THE WHITE HOUSE — President Joe Biden’s reelection campaign said Monday it’s not worried after a U.S. political poll showed former President Donald Trump leading Biden in a 2024 matchup in key battleground states.
In the poll, voters cited their long-held concerns about Biden’s advanced age and the economy, but also new concerns over the recent conflict between Israel and Hamas.
In a statement shared with VOA from Biden’s campaign, White House assistant press secretary Kevin Munoz seemed unfazed.
“We’ll win in 2024 by putting our heads down and doing the work, not by fretting about a poll,” he said.
The New York Times/Siena College poll predicts that Trump would triumph over Biden in five of six swing states — Arizona, Georgia, Michigan, Nevada and Pennsylvania. The poll showed Biden ahead in Wisconsin.
Pollsters looked at the usual issues: abortion, preserving democracy, the economy, national security and immigration — but also at how voters see Biden’s handling of the Israel-Hamas conflict.
On Saturday, tens of thousands of protesters made their feelings on that last issue clear, gathering at the White House gates to express their dissatisfaction with Biden’s support for Israel.
Biden, meanwhile, is moving forward, crisscrossing the country to sell Americans on how his administration has improved their lives. On Monday in his home state of Delaware, he touted a $16 billion effort along the Atlantic seaboard.
“Twenty-five different projects, all to build the Northeast Corridor from Boston to Washington, is part of my agenda to invest in America,” he said. “And I’ve been fighting for this for a long time.”

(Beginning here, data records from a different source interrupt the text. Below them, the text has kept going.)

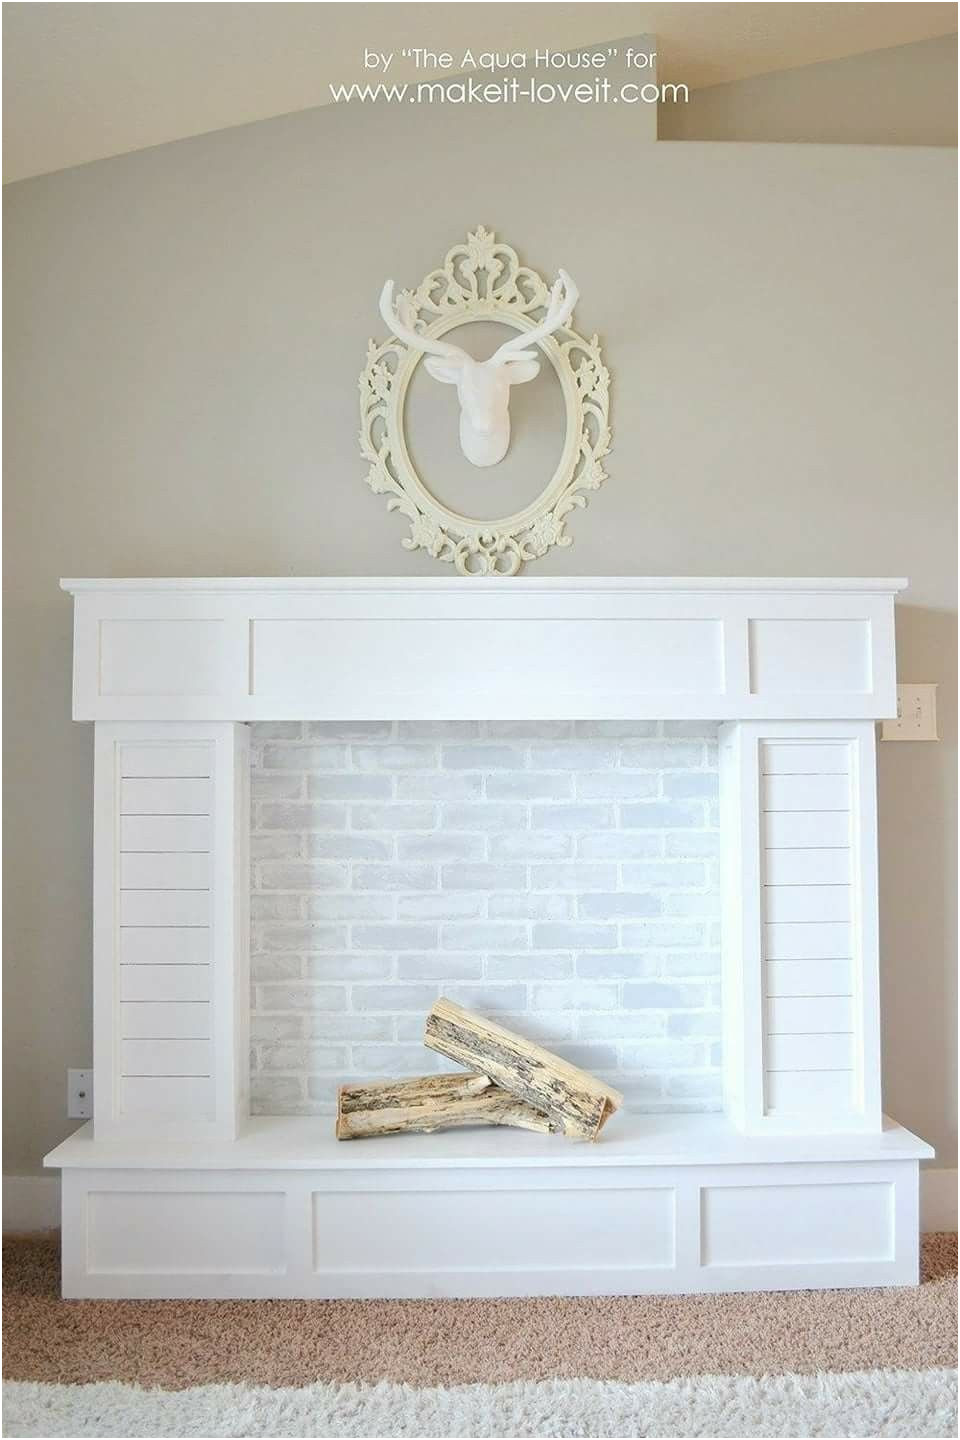 Best Of Candles In the Fireplace Ideas
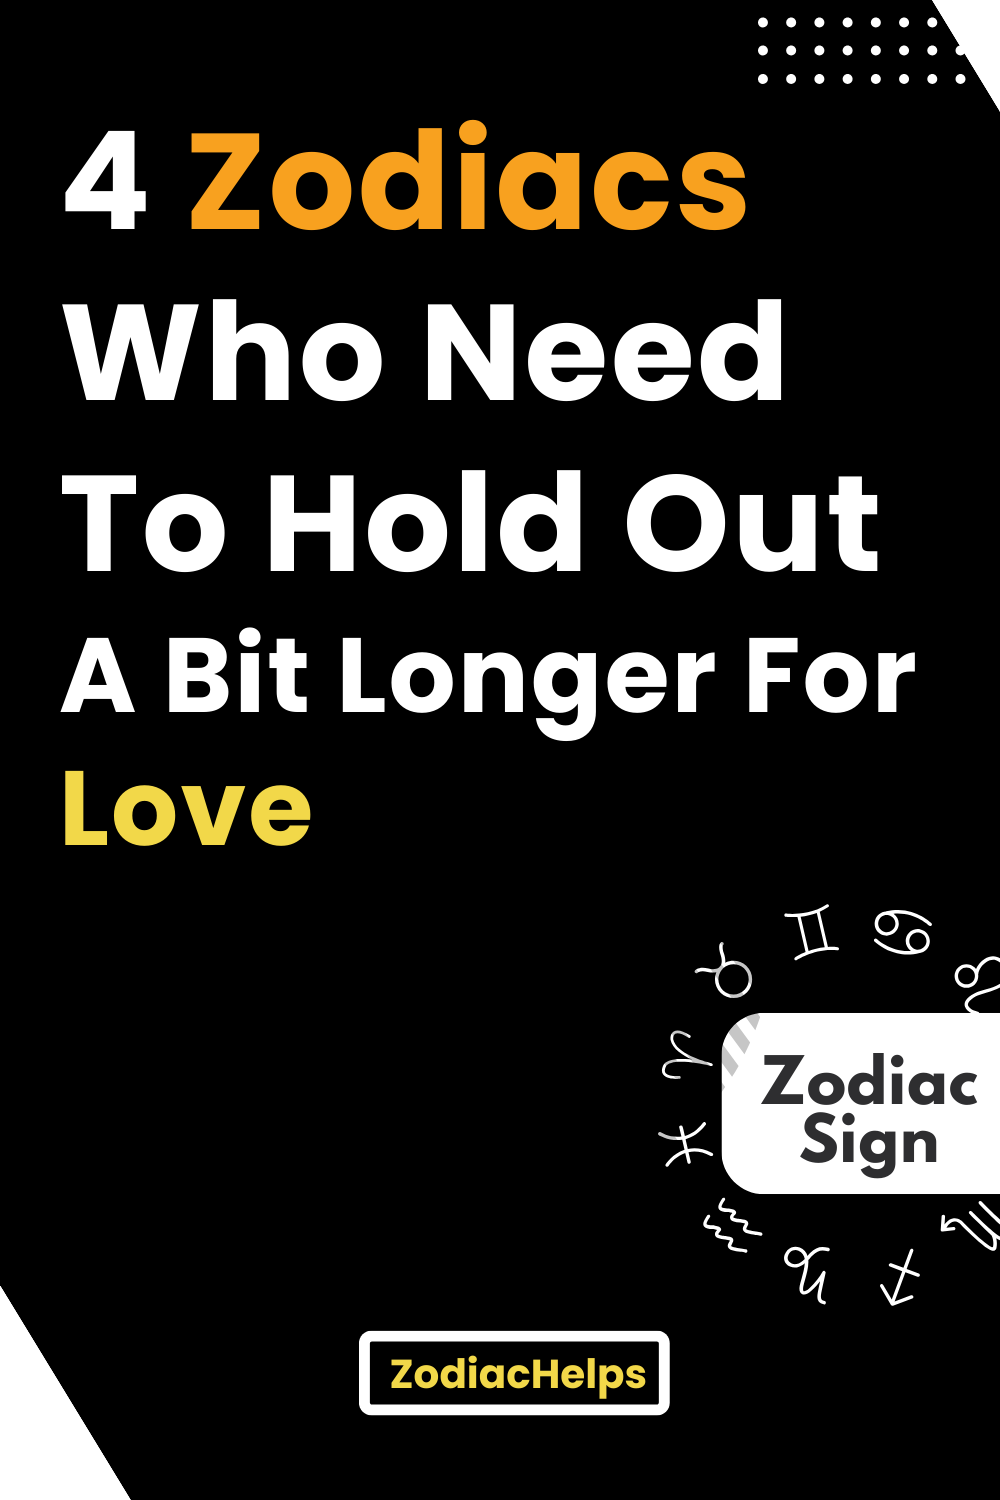 4 Zodiacs Who Need To Hold Out A Bit Longer For Love | zodiac Signs
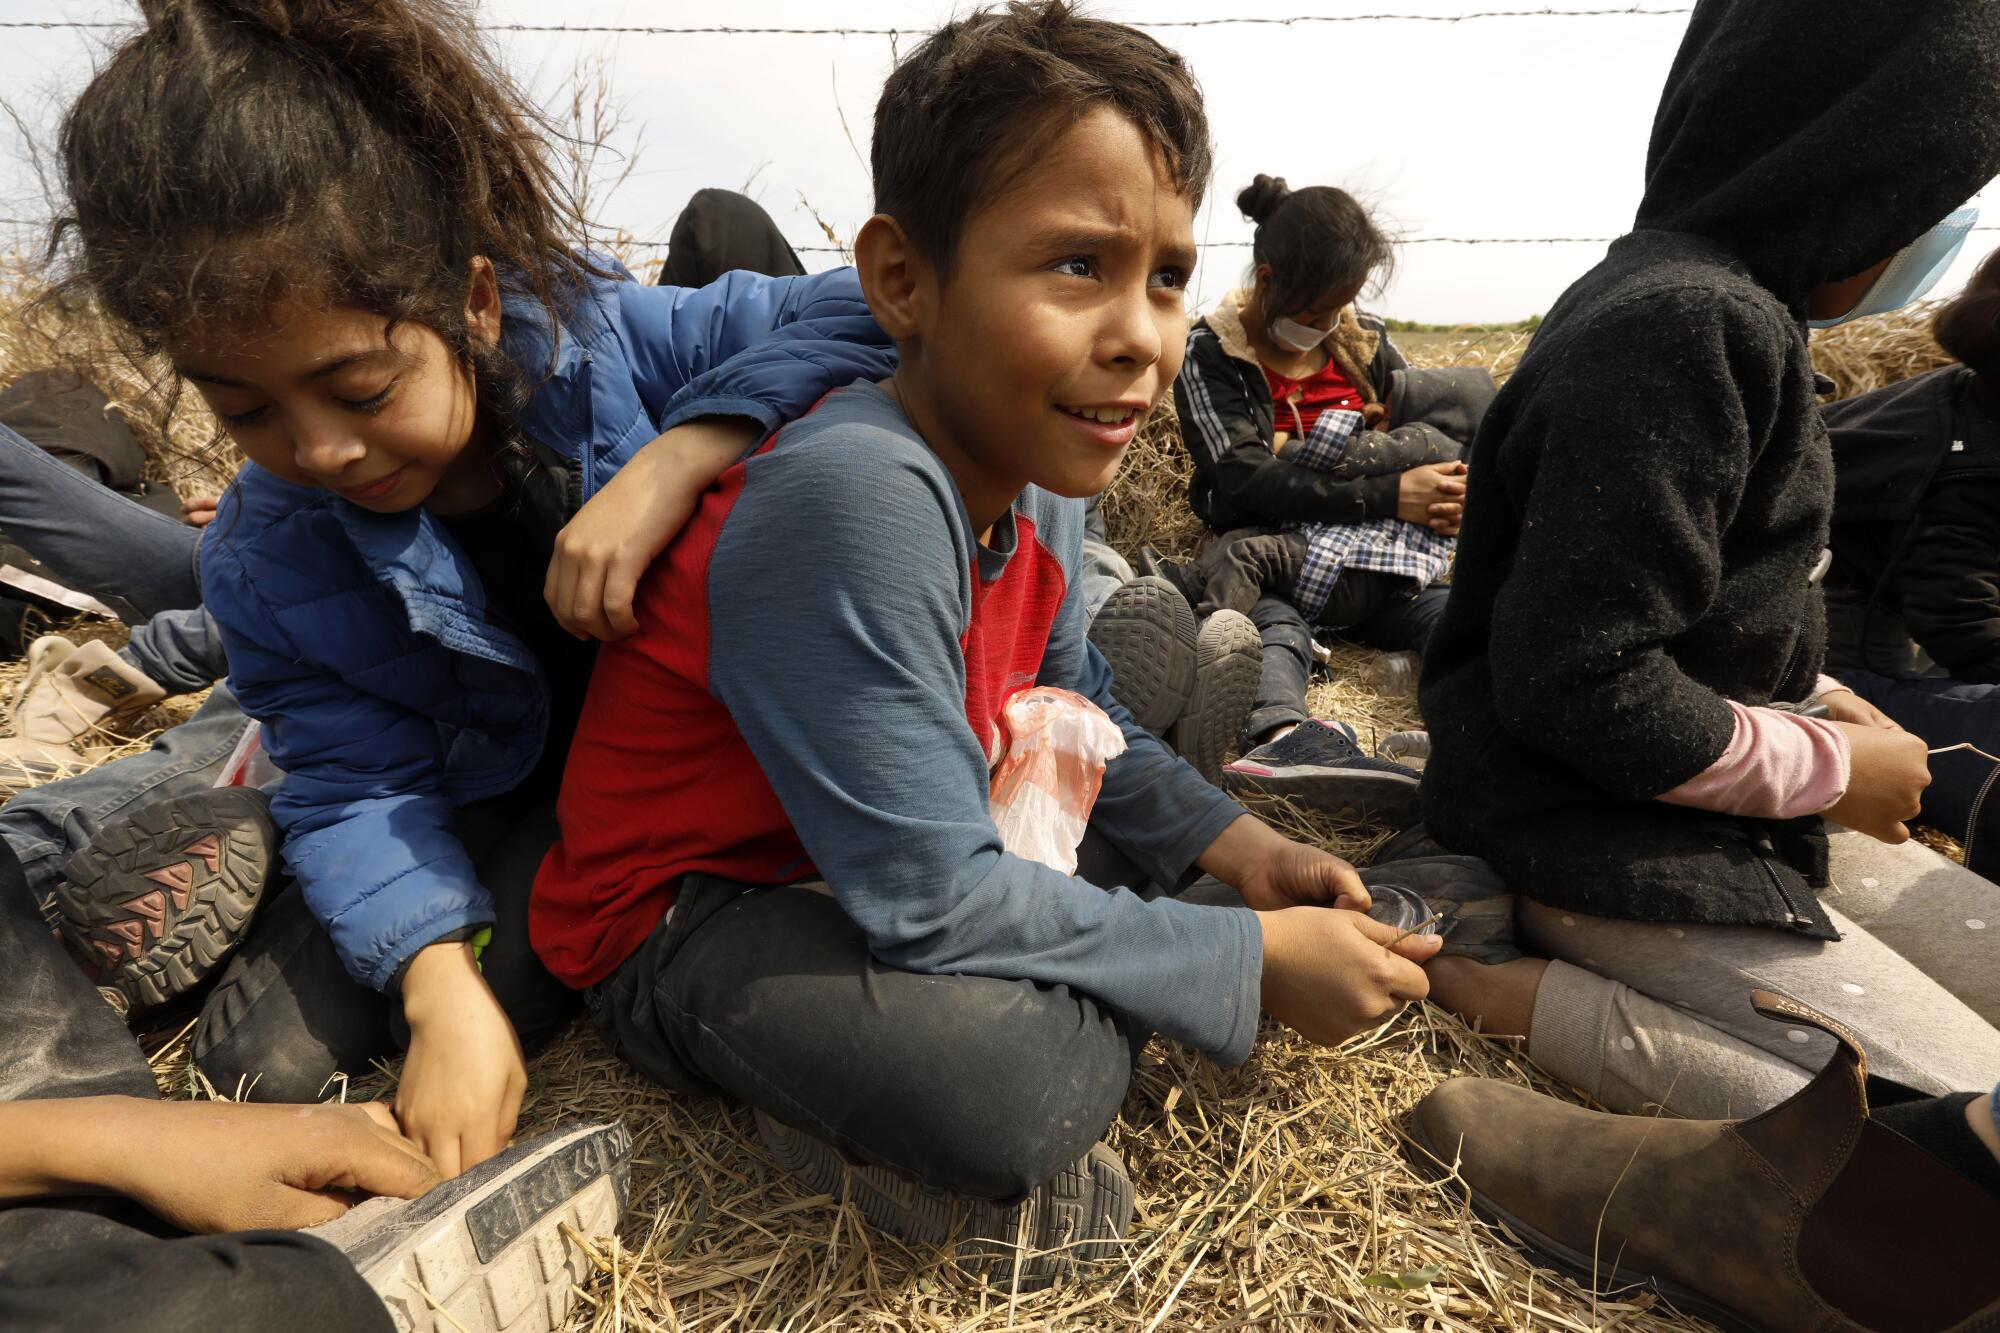 Christopher Garcia, 10, center, sits with fellow Central American migrants in Texas' Rio Grande Valley.
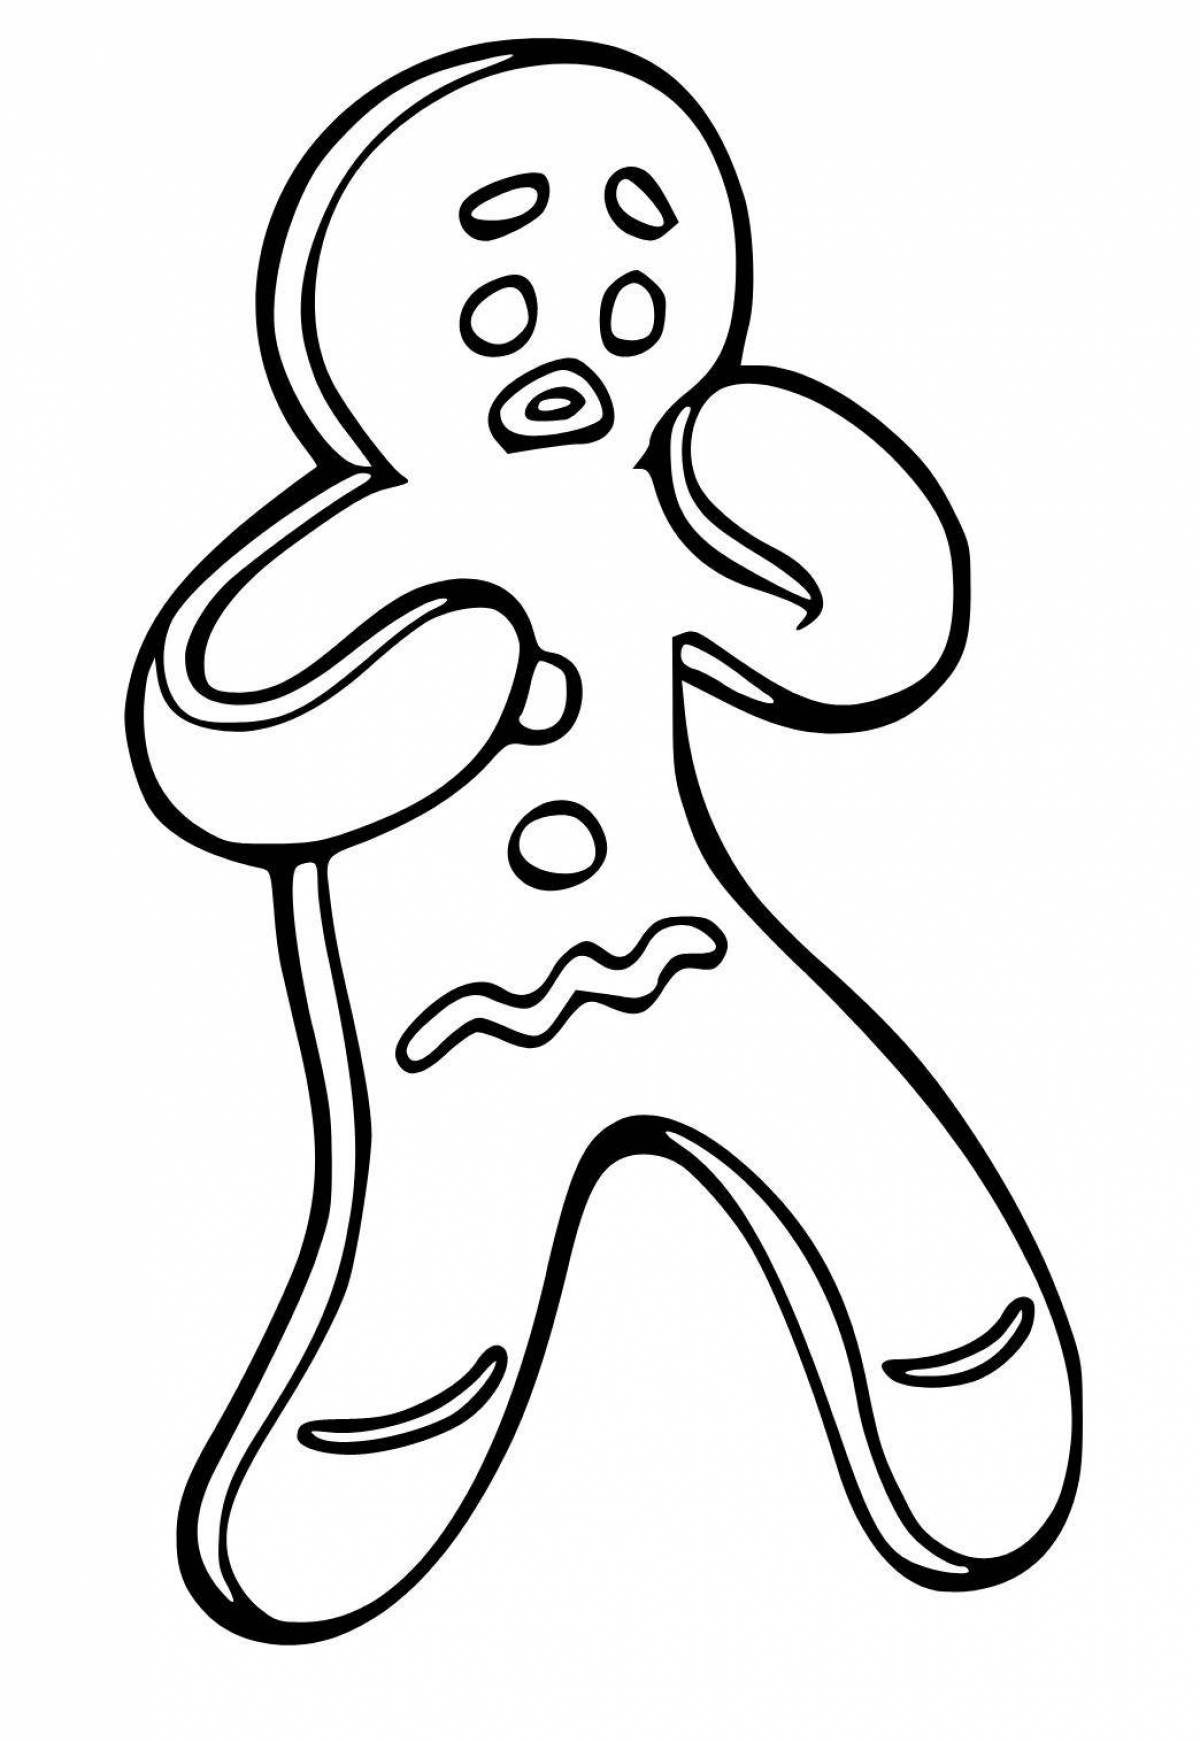 Gorgeous gingerbread man coloring page

It’s a stark contrast to Trump’s approach. The former president also spoke Monday as he arrived in New York to testify in a civil fraud case over accusations that he wildly overstated his net worth. He claims that his 91 felony charges, in four different jurisdictions, are all politically motivated.
“I’m leading all over the place,” Trump said. “But it’s a very unfair situation. This is really election interference. It’s kind of ridiculous.”
Pollsters say no one should be surprised that Americans are so deeply conflicted — but some, such as polling expert Mark Mellman and political scientist Todd Belt, question this poll.
“Anybody who’s paid close attention, I think, to American politics over the last number of years would assume it’s going to be a close race,” said Mellman, a Democratic pollster who also leads advocacy group Democratic Majority for Israel. The polls have consistently shown it to be a very close race. I think this poll is a bit of an outlier. It shows more support for Trump in some of these states than in lots of other polls, too.”
Mellman said he reads this recent poll as showing rare voter consensus on the Israel-Hamas conflict, in which both front-runners say they strongly support Israel.
Some analysts say that predictions this far ahead of a poll aren’t useful.
“People I have talked to from the Biden campaign have told me that No. 1, it’s way too far out,” said Belt, a professor of political management at The George Washington University. “And No. 2, they think that when it comes down to a general election, and it’s a binary choice between Joe Biden and Donald Trump, they think Joe Biden takes it because they believe that people just don’t want to go back to the chaos of the Trump years.”
The poll comes as Americans are voting this week, choosing state and local representatives and ballot initiatives.